Re: COPY enhancements

From: Tom Lane <tgl(at)sss(dot)pgh(dot)pa(dot)us>
To: jd(at)commandprompt(dot)com
Cc: Robert Haas <robertmhaas(at)gmail(dot)com>, Dimitri Fontaine <dfontaine(at)hi-media(dot)com>, Emmanuel Cecchet <manu(at)asterdata(dot)com>, Emmanuel Cecchet <Emmanuel(dot)Cecchet(at)asterdata(dot)com>, PostgreSQL-development <pgsql-hackers(at)postgresql(dot)org>
Subject: Re: COPY enhancements
Date: 2009-10-08 16:37:11
Message-ID: 25829.1255019831@sss.pgh.pa.us
Views: Raw Message | Whole Thread | Download mbox | Resend email
Thread:
Lists: pgsql-hackers

"Joshua D. Drake" <jd(at)commandprompt(dot)com> writes:
> Couldn't you just commit each range of subtransactions based on some
> threshold?

> COPY foo from '/tmp/bar/' COMMIT_THRESHOLD 1000000;

> It counts to 1mil, commits starts a new transaction.

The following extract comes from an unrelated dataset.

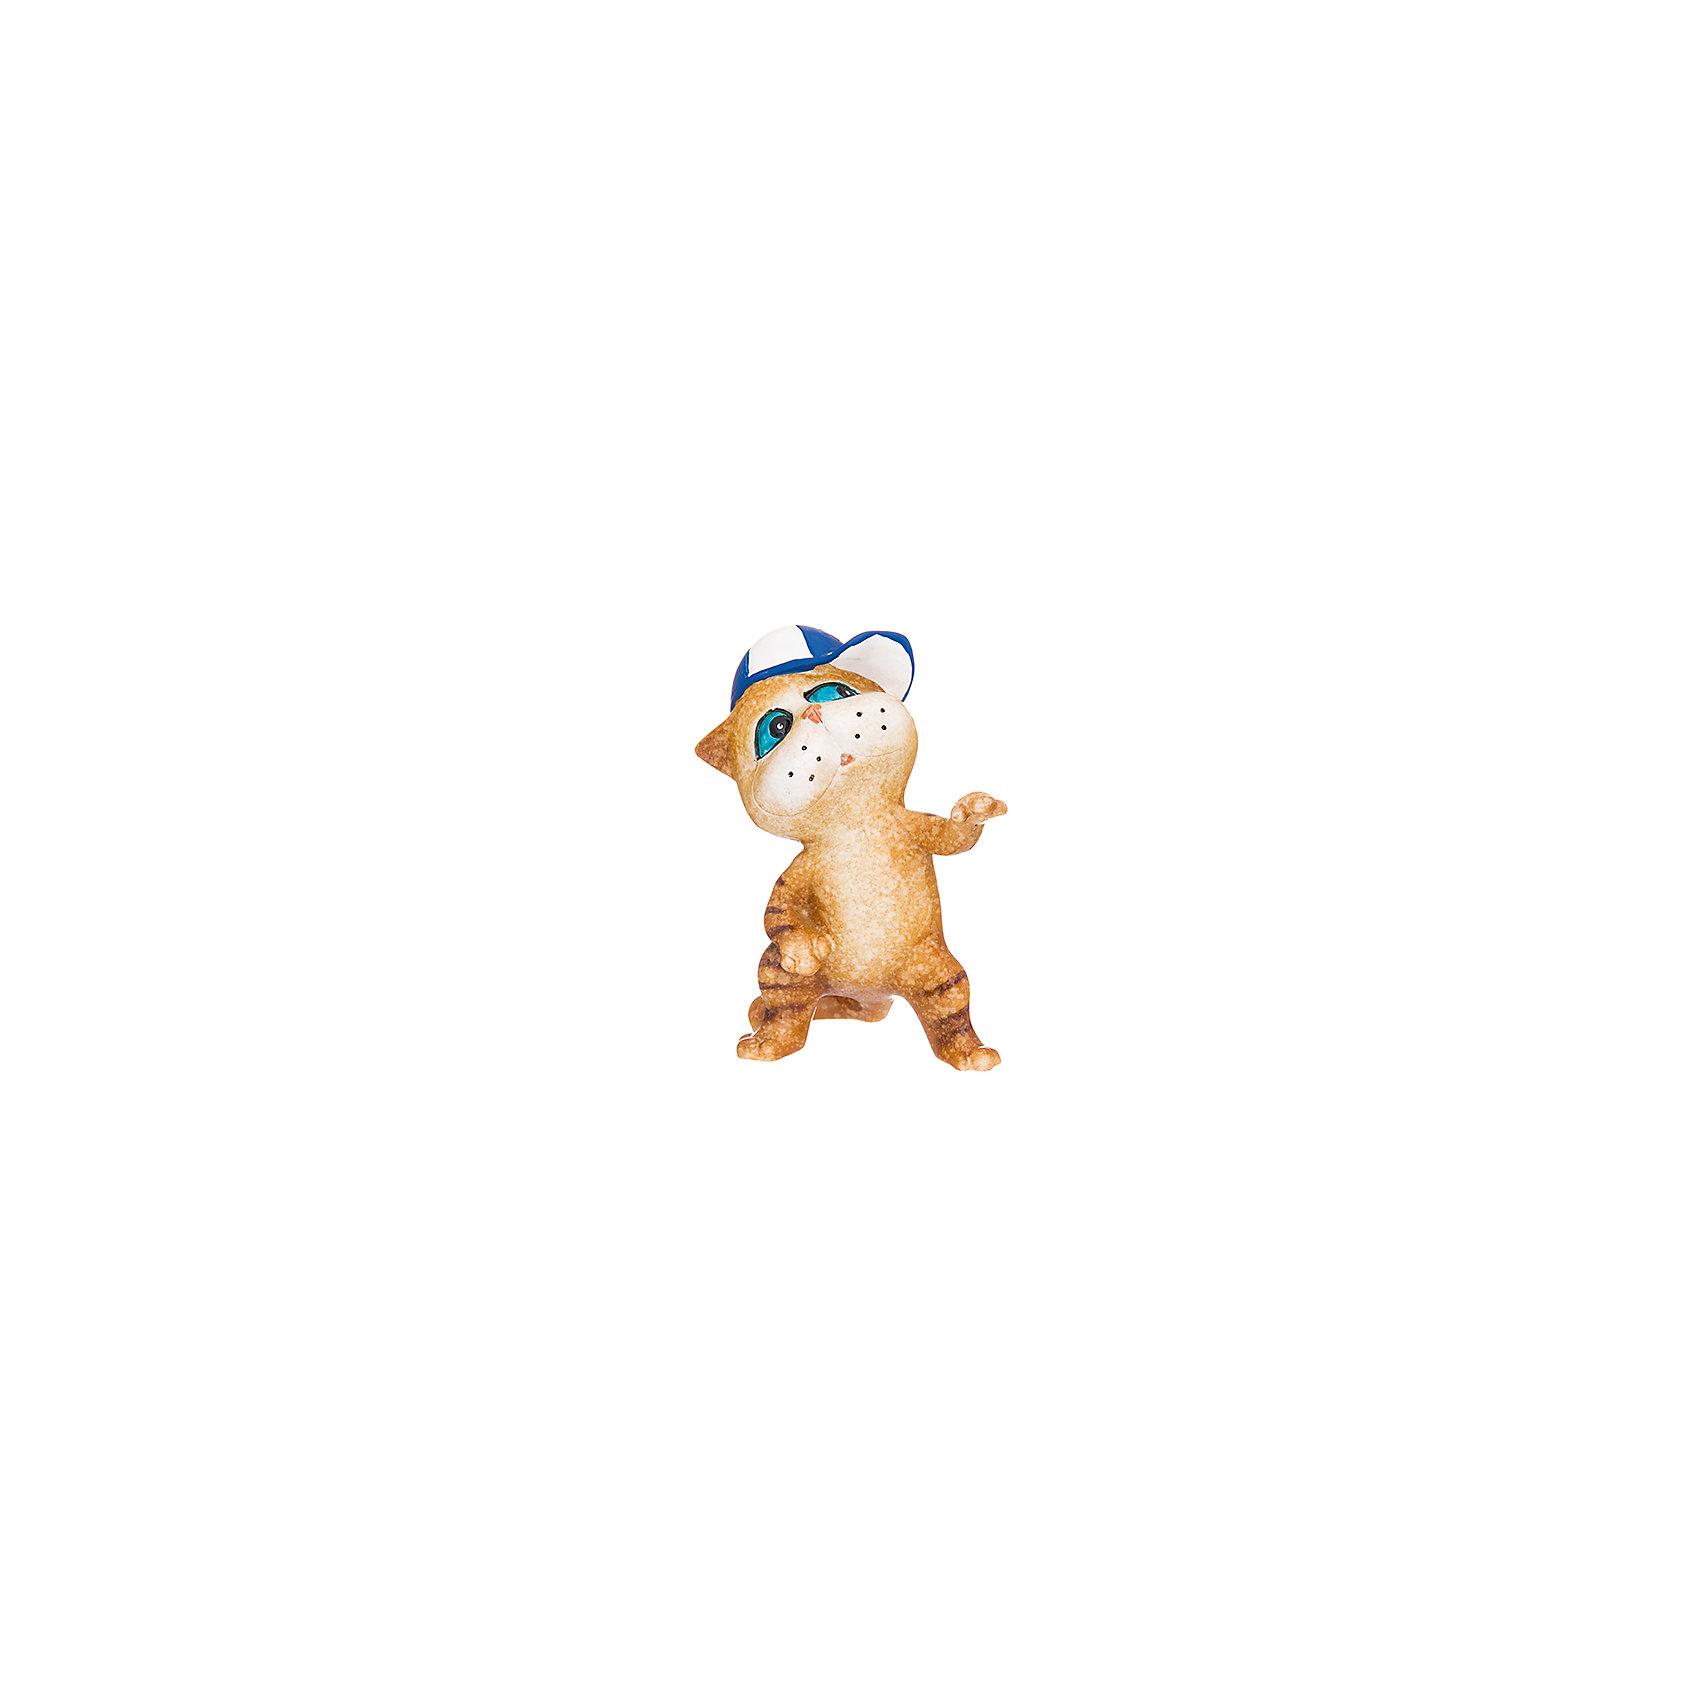 Фигурка декоративная Котик хип - хоп, Elan GalleryПредметы интерьера<br>Фигурка декоративная  Elan Gallery 6,5*5,5*8 см. Котик хип - хоп, Elan Gallery Декоративные фигурки - это отличный способ разнообразить внутреннее убранство дома, частичка вашей индивидуальности в облике жилища!<br><br>Ширина мм: 70<br>Глубина мм: 62<br>Высота мм: 102<br>Вес г: 132<br>Возраст от месяцев: 0<br>Возраст до месяцев: 1188<br>Пол: Унисекс<br>Возраст: Детский<br>SKU: 6669026

Yes there would be
> 1million sub transactions but once it hits those clean, it commits.

Hmm, if we were willing to break COPY into multiple *top level*
transactions, that would avoid my concern about XID wraparound.
The issue here is that if the COPY does eventually fail (and there
will always be failure conditions, eg out of disk space), then some
of the previously entered rows would still be there; but possibly
not all of them, depending on whether we batch rows. The latter
property actually bothers me more than the former, because it would
expose an implementation detail to the user. Thoughts?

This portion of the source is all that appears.